Exercise requirements ▸ From the listing that follows, output everything exactly except the pictures.
╭─ Provided data
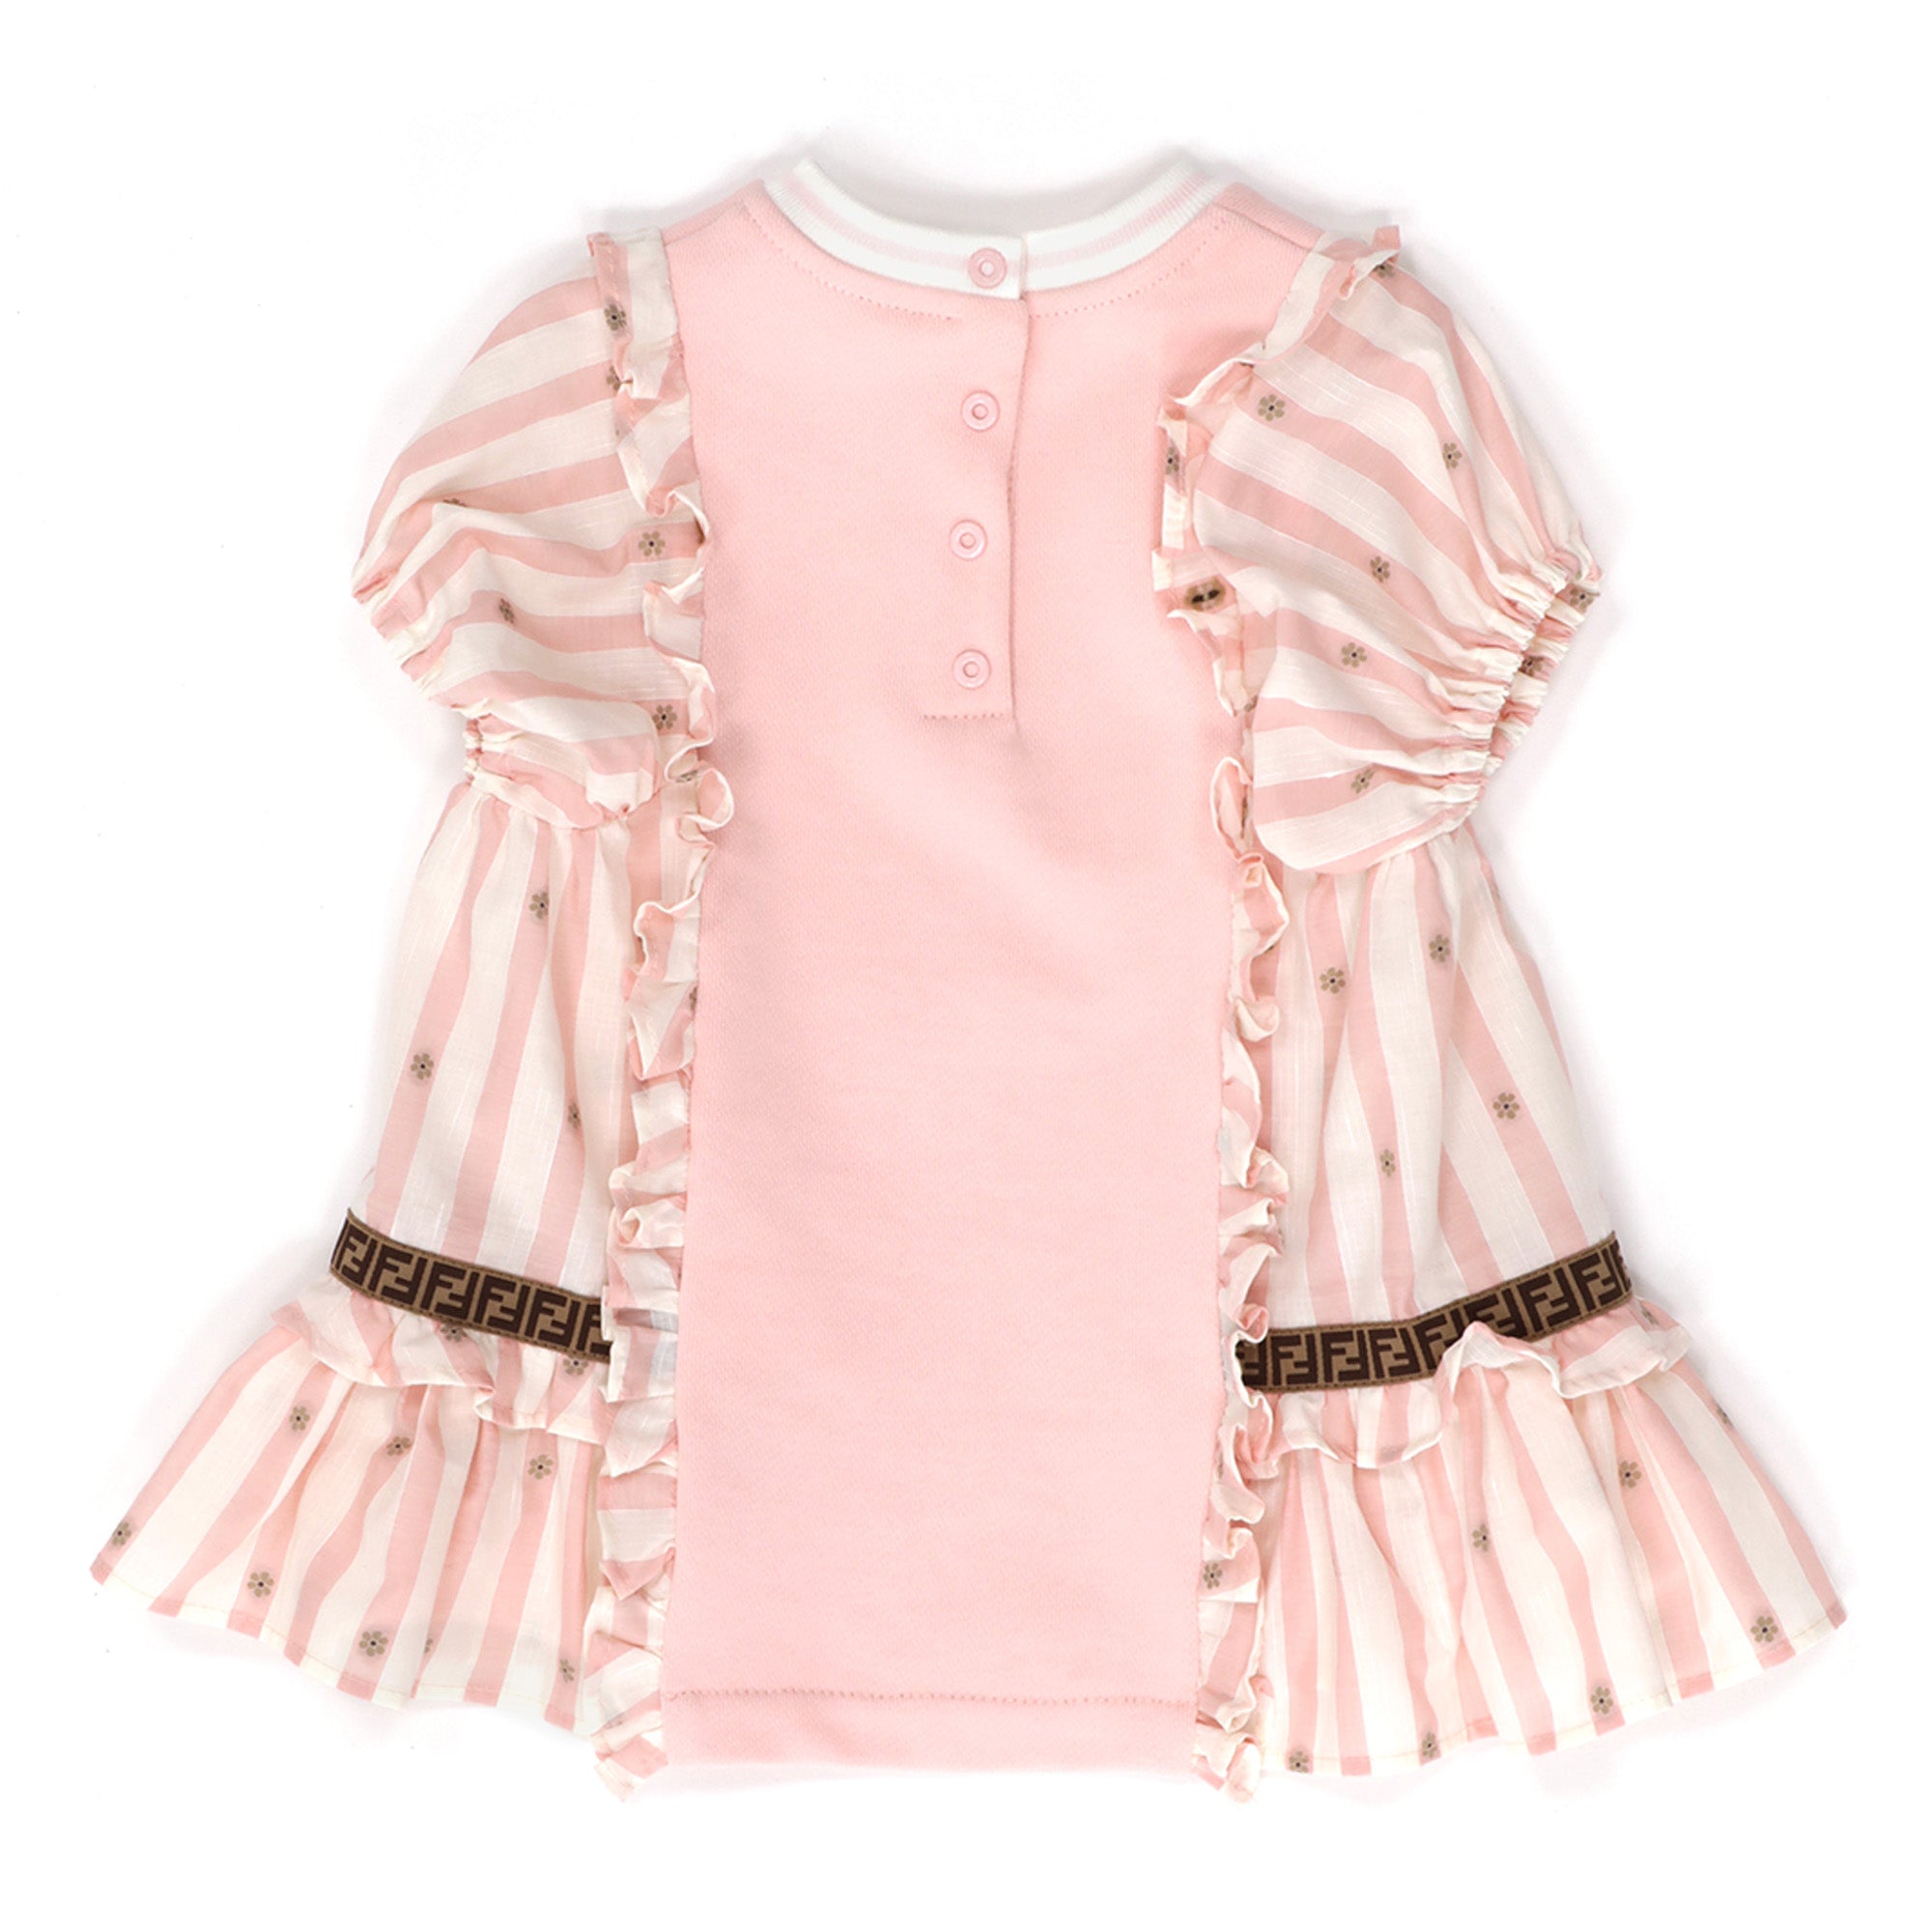 Fendi Baby Girls Pink Striped Dress
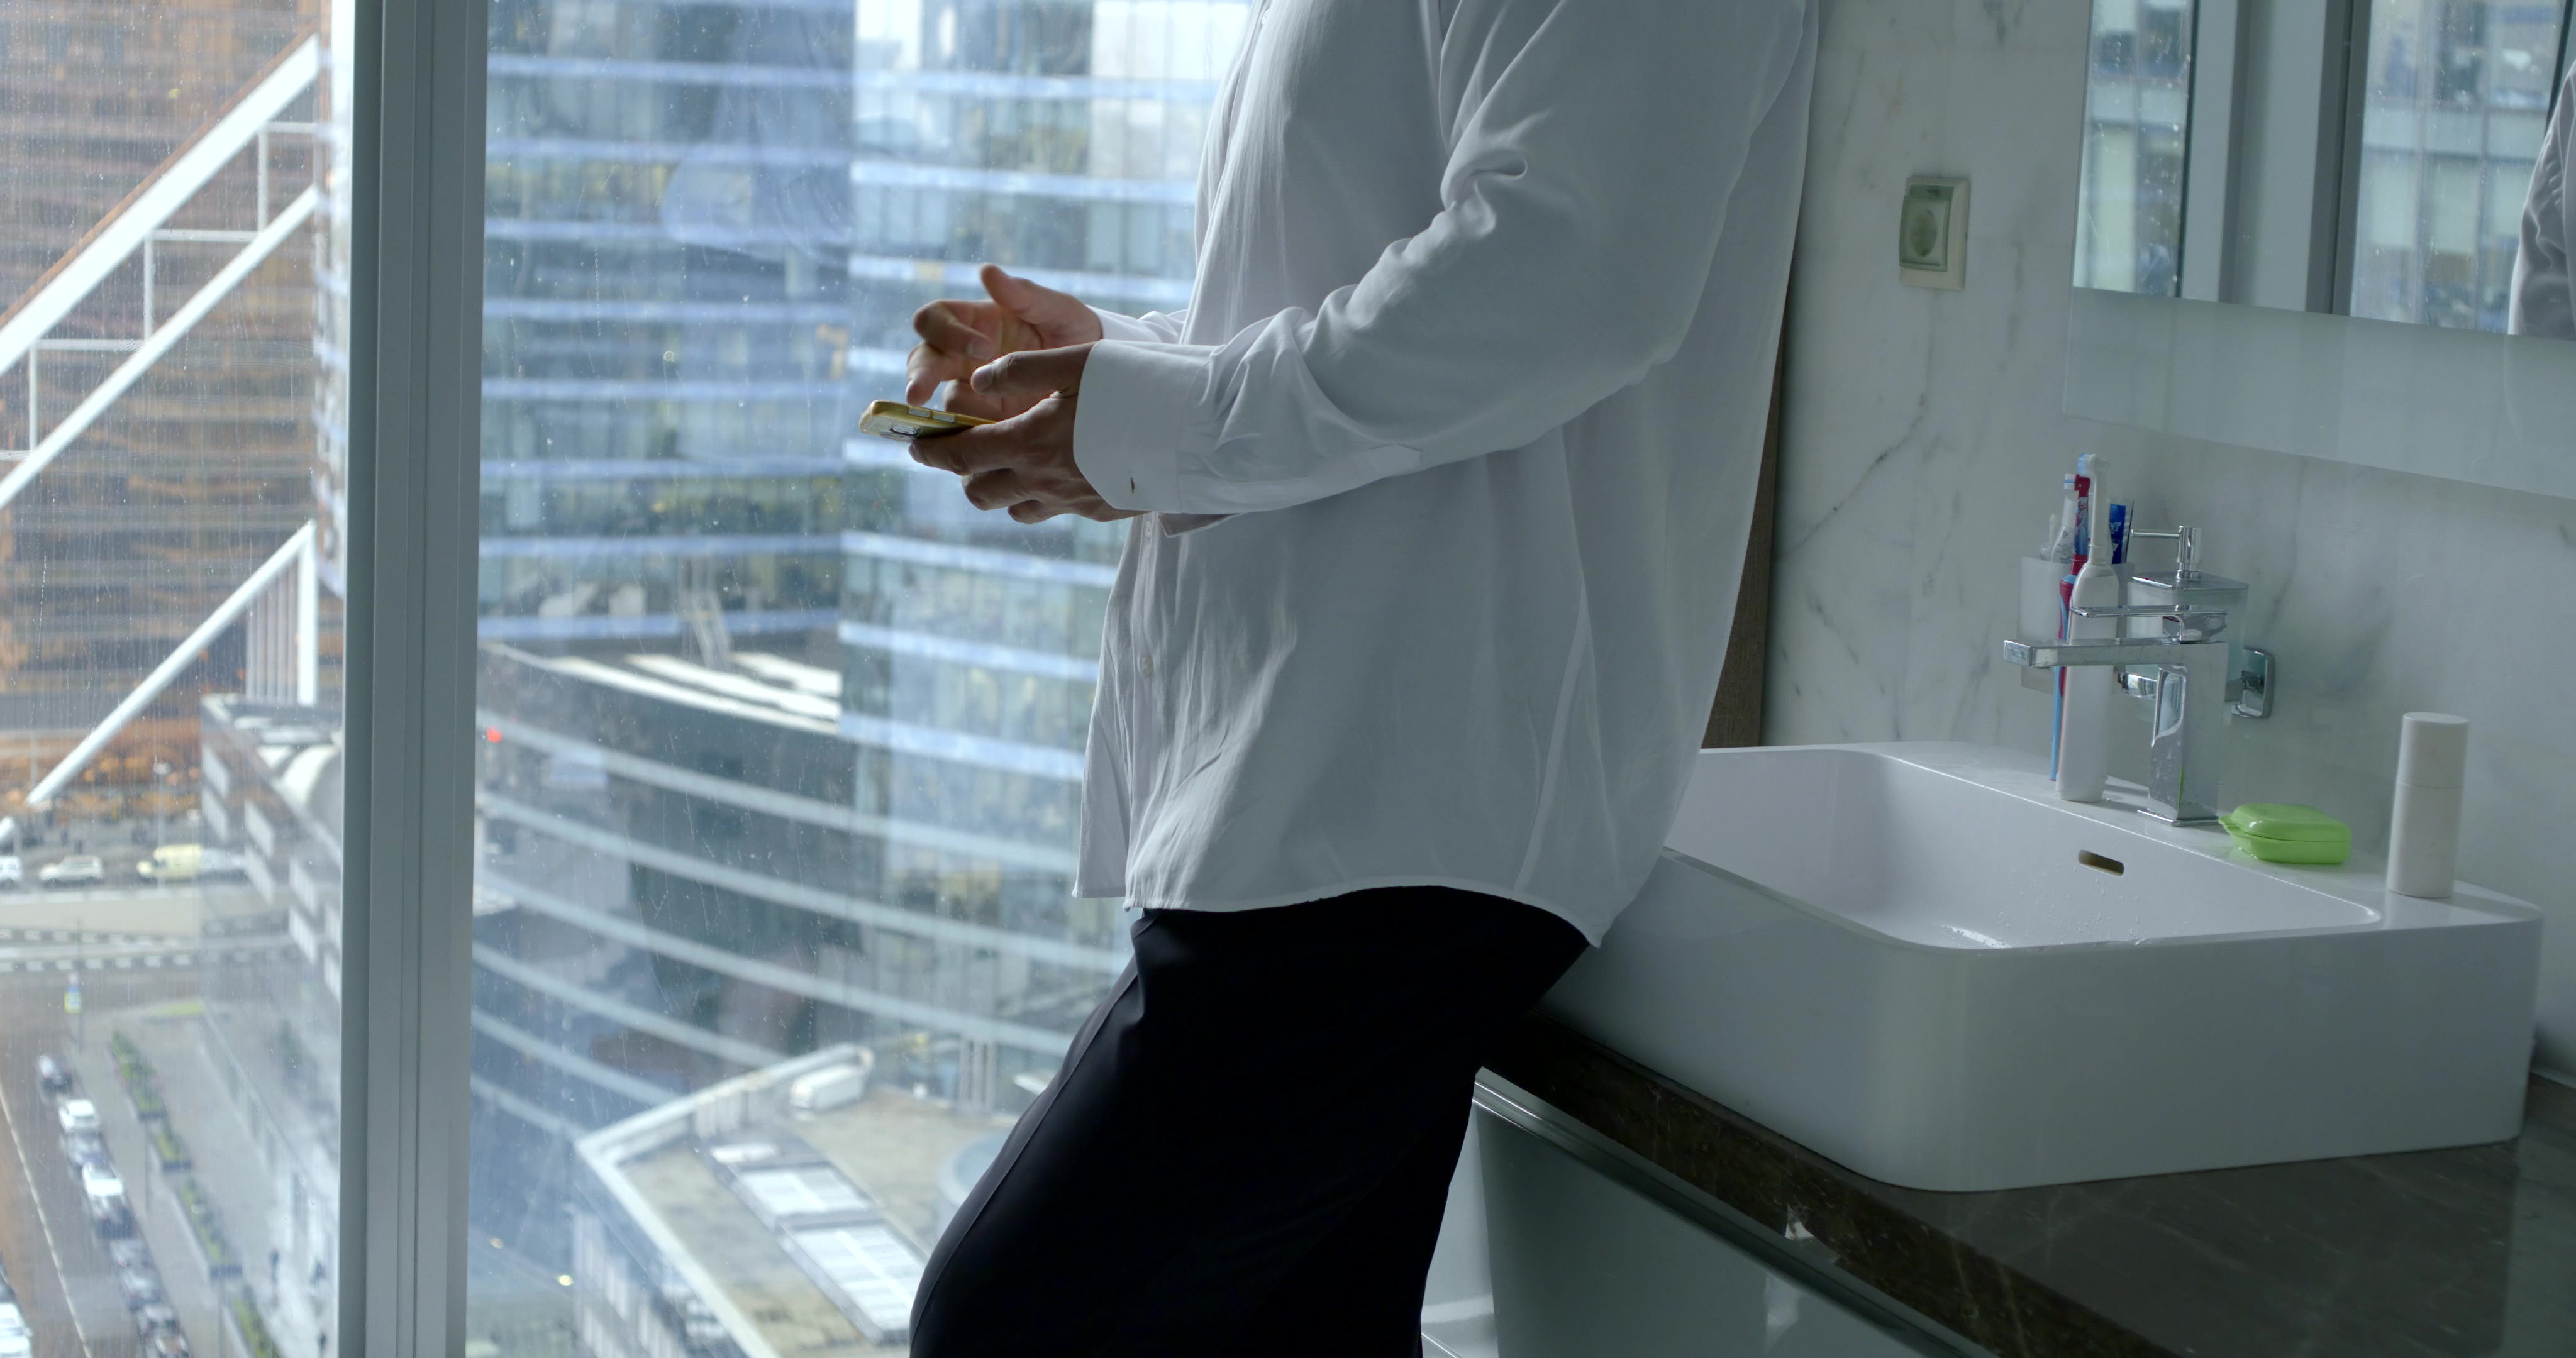 Man with smartphone in toilet. | Source: Shutterstock
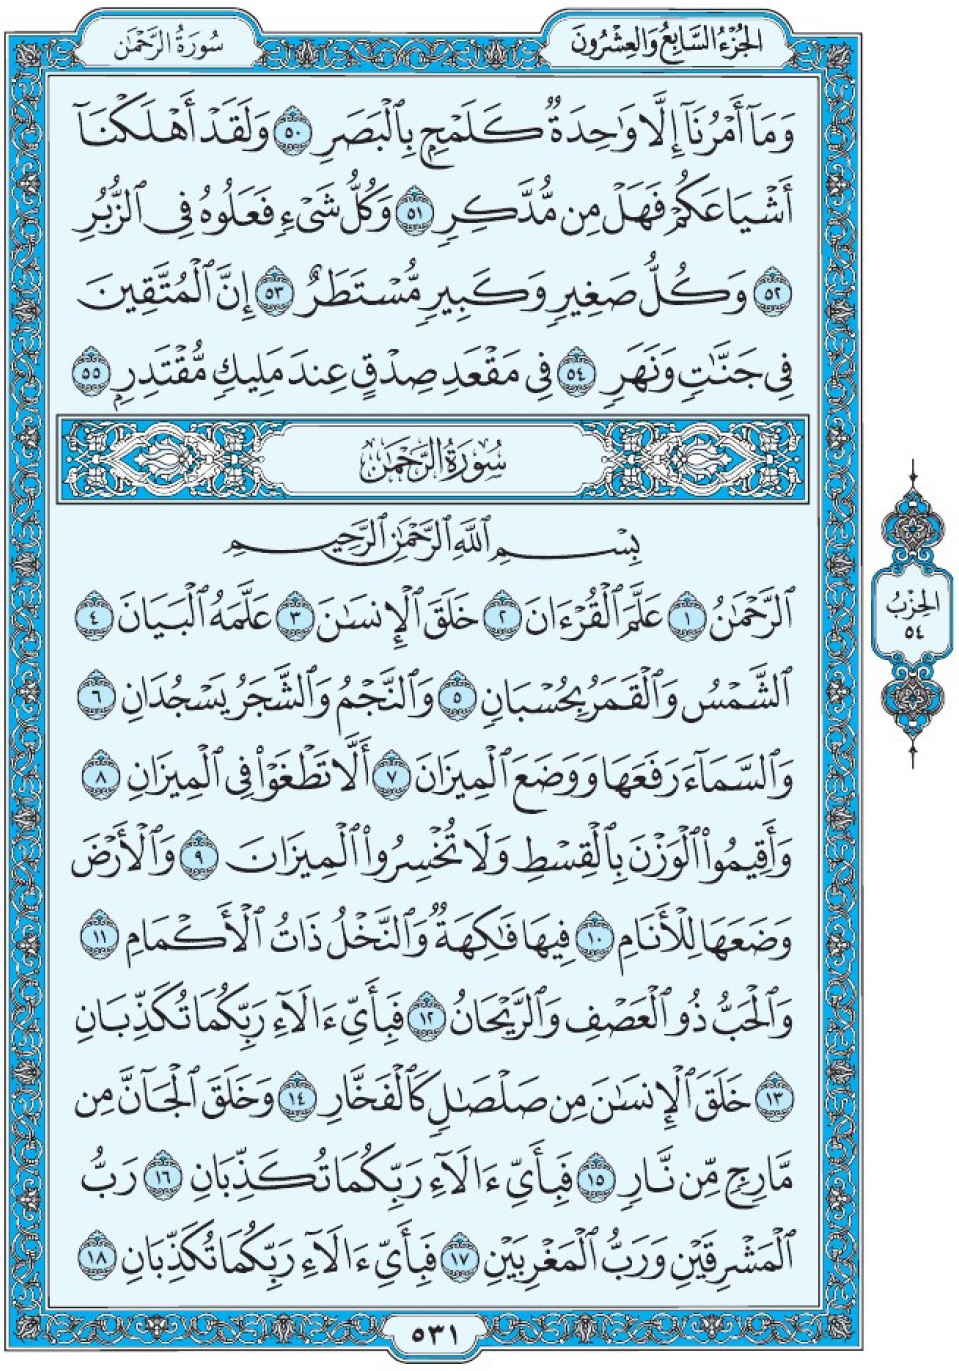 Коран Мединский мусхаф страница 531, сура 55 ар-Рахман سورة ٥٥ الرحمن
╰─
Exercise response ▸
 Fendi Baby Girls Pink Striped Dress
 Man with smartphone in toilet. | Source: Shutterstock
 Коран Мединский мусхаф страница 531, сура 55 ар-Рахман سورة ٥٥ الرحمن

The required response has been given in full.